Nighttime Is the Most Dangerous Period

Roughly 75% of fatal pedestrian crashes happen at night, making darkness the single biggest environmental risk factor for vulnerable road users. Modern vehicles increasingly come equipped with pedestrian automatic emergency braking systems designed to detect a person in the road and stop the car, but these systems perform significantly worse after dark.

Testing shows detection rates of about 98% during daylight but only 87% at night with low-beam headlights and 93% with high beams. Even when the system detects a pedestrian at night, crashes still occurred in 23% of low-beam tests compared to 10% during the day, and those nighttime crashes happened at higher speeds. Halogen low beams can reduce detection capability by up to 43% compared to daytime conditions.
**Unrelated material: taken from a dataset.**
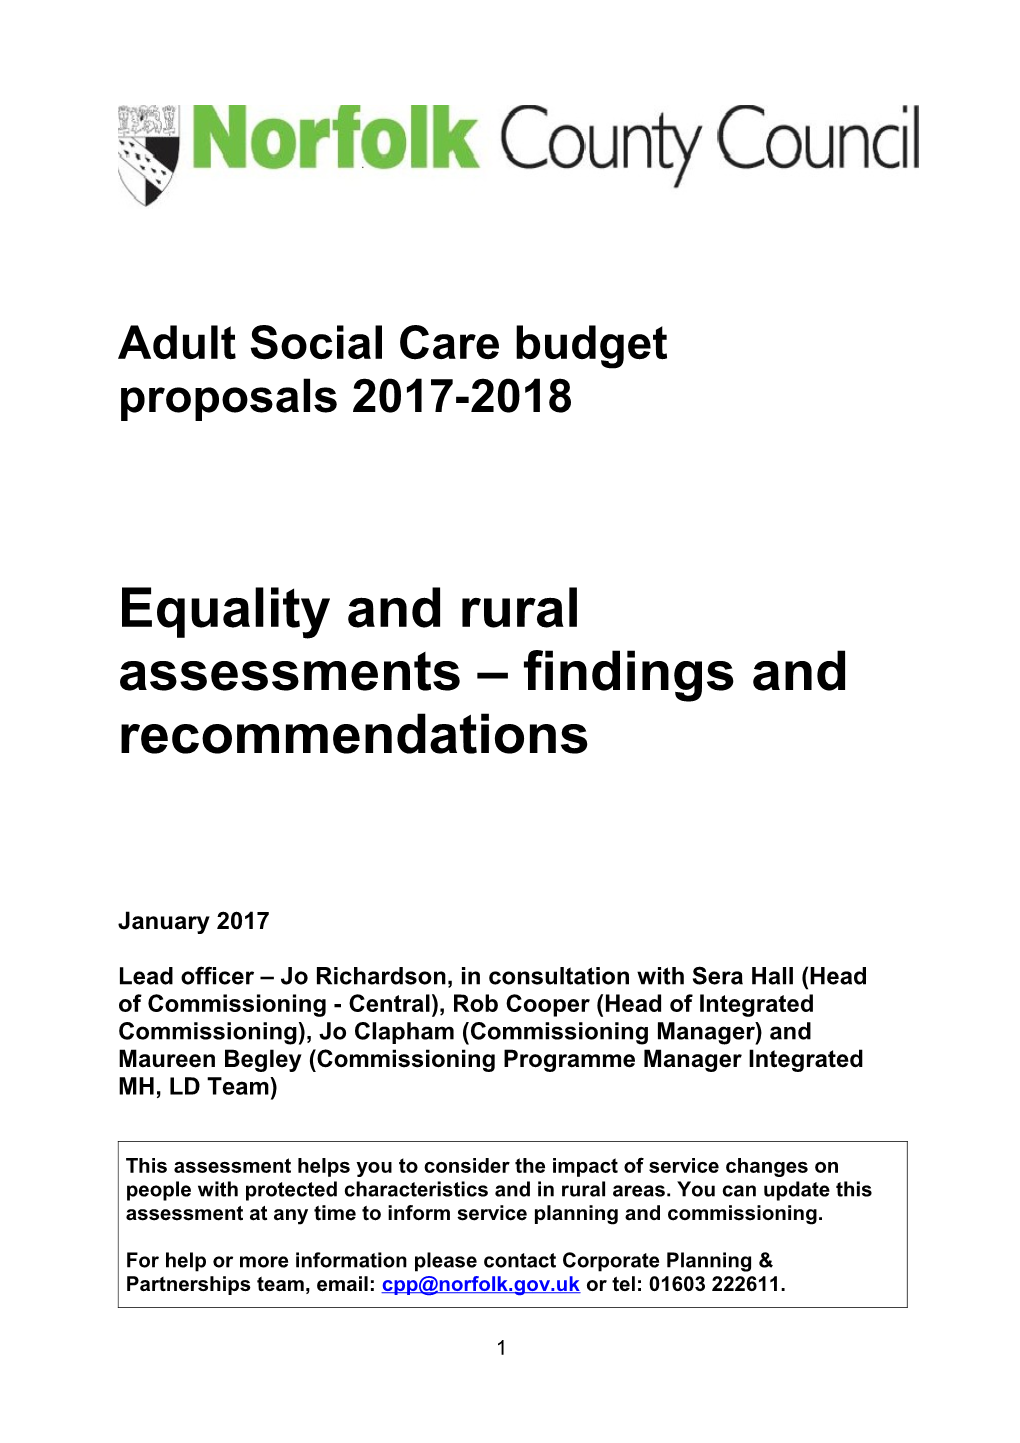 Adult Social Care Budget Proposals 2017-2018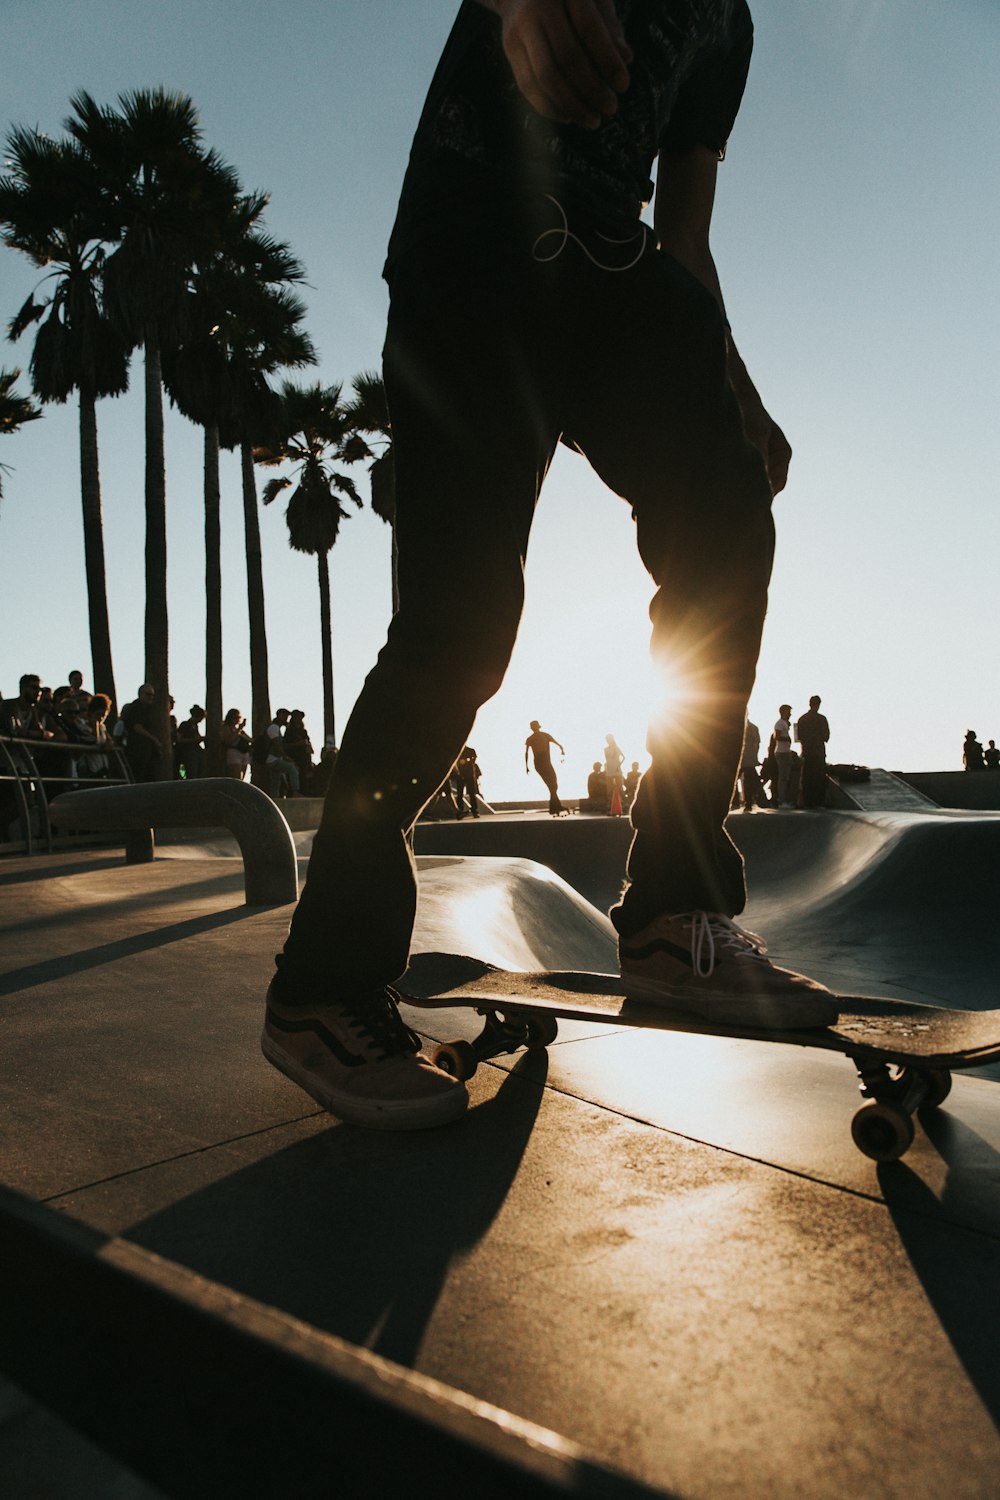 man riding on skateboard photo – Free United states Image on Unsplash

The takeaway for anyone walking or cycling at night: reflective clothing and lights help, but vehicle safety technology is not yet reliable enough to close the gap.

Legal Protections in the U.S.

At least twelve U.S. states have passed laws specifically protecting vulnerable road users: Colorado, Connecticut, Delaware, Florida, Hawaii, Maine, Maryland, Oregon, Utah, Vermont, Virginia, and Washington. These laws work in two ways. Some impose harsher penalties when a driver violates an existing traffic law (running a red light, texting while driving) and that violation injures or kills a vulnerable road user. Others create entirely new offenses, such as prohibiting drivers from passing a cyclist within a certain distance.

Most of these laws increase fines and expand civil liability when negligent or intentional driving behavior leads to the death or serious injury of someone outside a vehicle. The underlying principle is deterrence: if the consequences are steeper when a violation harms an unprotected person, drivers may be more cautious around them. These laws are still relatively new, and the list of states adopting them continues to grow as pedestrian and cyclist fatality numbers remain stubbornly high across the country.